After clearing the prized boxes through customs with only a slight hassle - it seems the official wanted Mendel to have a letter from the Department of Interior verifying his purpose in Cambodia - we were promptly greeted by Mendel's friend and translator, Mr. Kanal. Kanal, a local teacher who's lived his entire life in Cambodia, had arranged for a taxi van to shuttle us the four hours to the coastal port city of Sihanoukville, where we spent the next three days.

Run-down villages interspersed with vivid green rice fields set against the Damrei Mountains in the distance marked the landscape as we ventured farther out of the capital city and closer to Sihanoukville.

Sihanoukville sits on the Gulf of Thailand in Southern Cambodia and is known among tourists for its string of clean, white sand beaches and relaxing atmosphere.

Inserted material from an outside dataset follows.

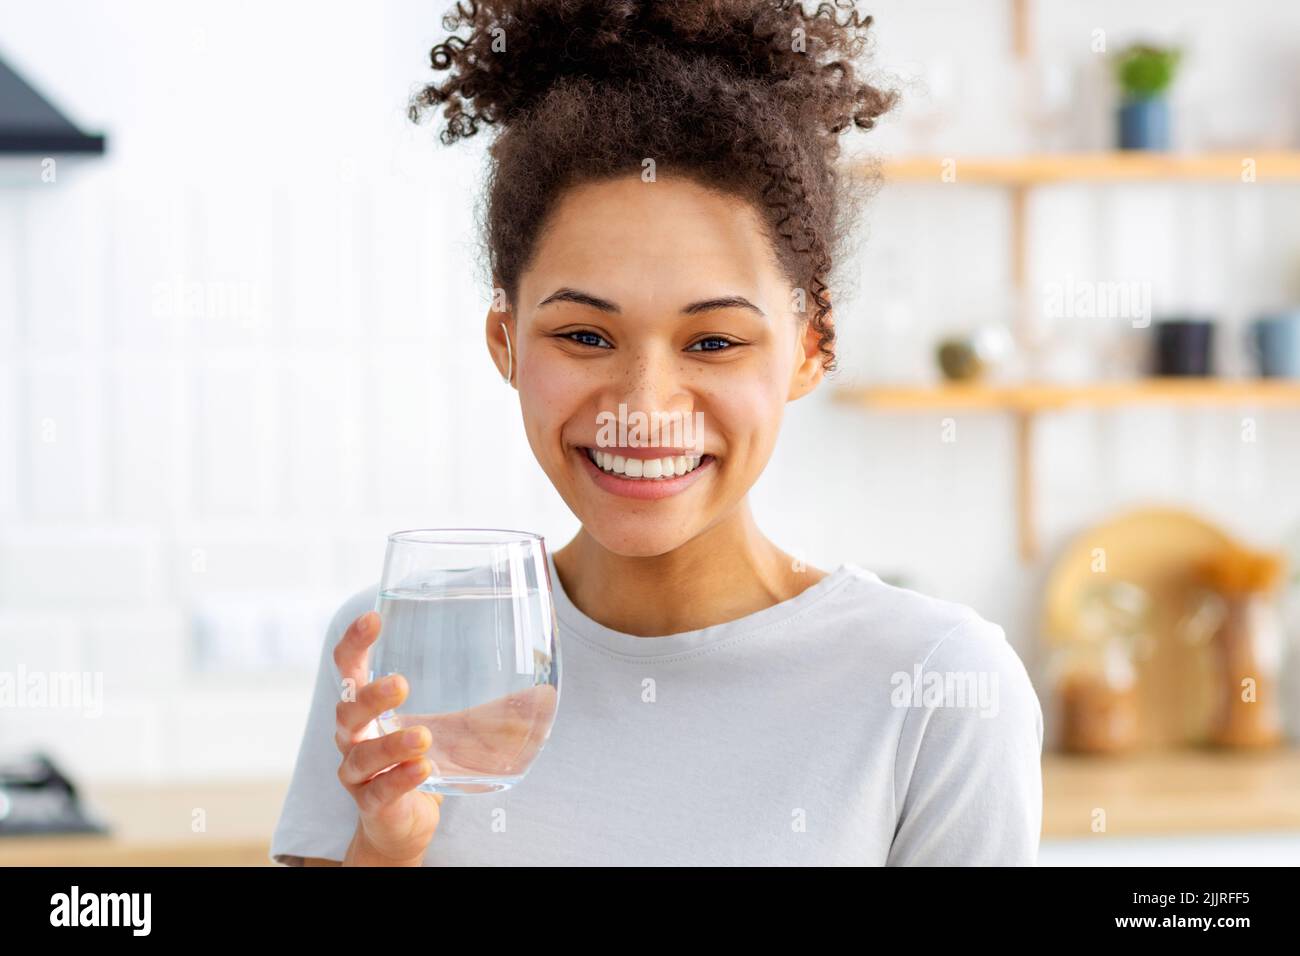 Healthy lifestyle concept. Beautiful young woman holding a glass of clean fresh water Stock Photo

Mendel discovered the city of about 156,000 residents in 1997 when he was traveling through the region. When he began his relief efforts six years later, he started in Sihanoukville.

Once we arrived, our first stop was dinner with Captain Sok of the Sihanoukville Fire Department. Sok is well-respected in the community - this is apparent later in the week when the bus depot gives him a free bus ticket for a planned trip because of his stature - and runs a motorcycle repair shop out of his home, as well as heading up the local fire department. He speaks only a few words of English, and our brief conversations were facilitated through Kanal.

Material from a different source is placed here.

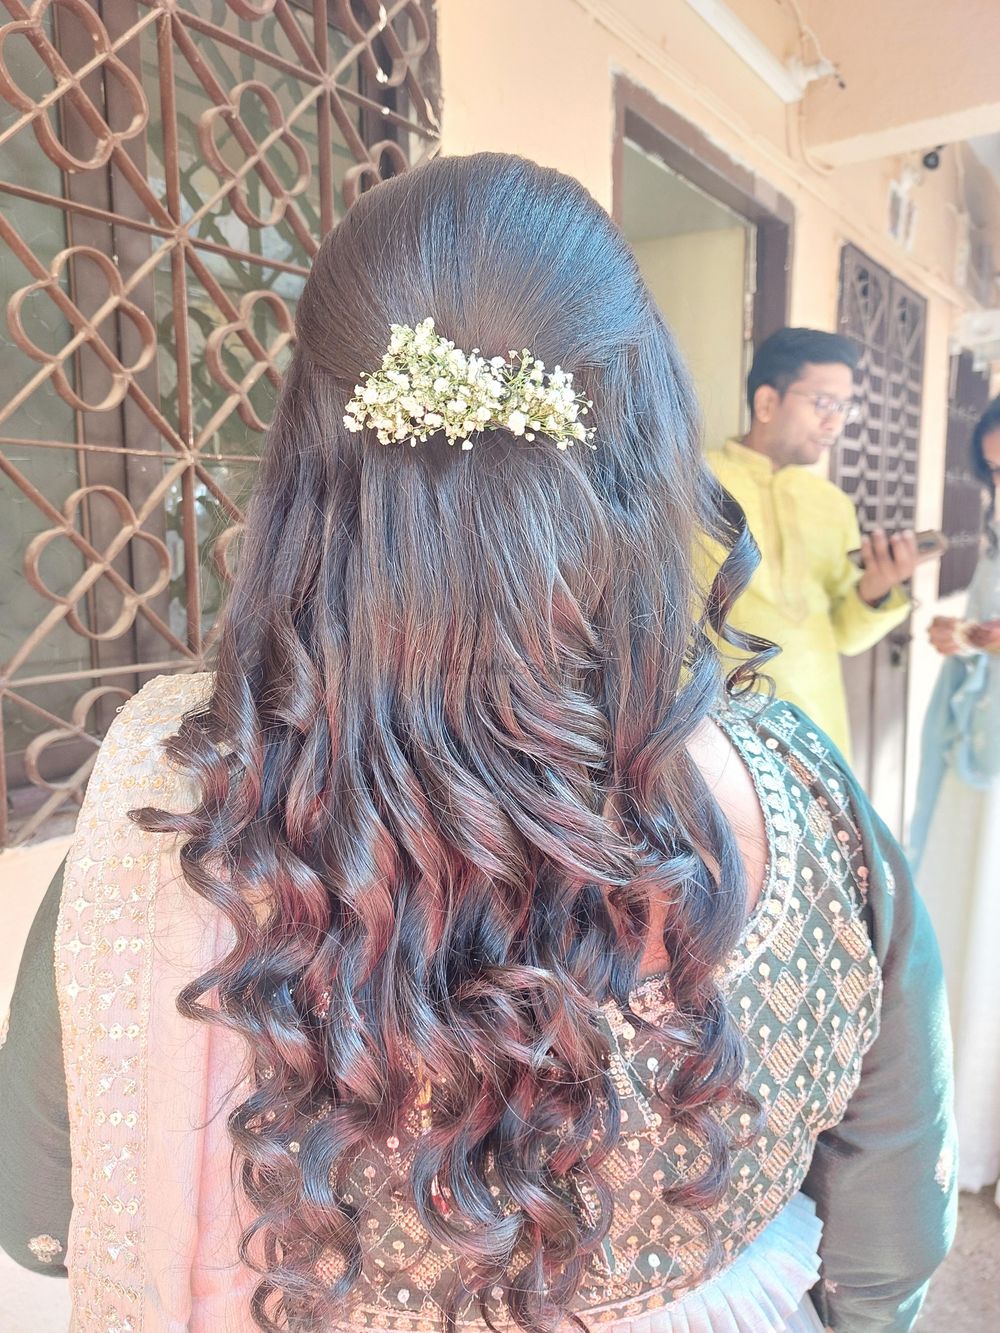 Photo From Hairstyle - By Maitri Chheda Mua

Soon after we began eating at a friend's open-air restaurant, Sok excitedly pulled out a video camera, which Mendel donated to the department on a different trip, and showed us footage of the donated Red, White and Blue firetruck's first call to service in June - a small fire in a nearby fishing village.

The gesture was a gratifying moment for Mendel, who worked for two years to find and ship a fire truck overseas to Cambodia.

"It brought a smile to my face knowing that not only do they appreciate the fire truck and are using for what it is meant to be used for - fighting fires -, but that the captain took digital pictures with digital camcorder that I gave him for proof," Mendel said.

Though Mendel is best known around Summit County for his philanthropic efforts benefiting fire departments, he's also built a reputation for himself in Sihanoukville for helping the local Khmer people through two organizations: M'Lop Tapang and The Starfish Project.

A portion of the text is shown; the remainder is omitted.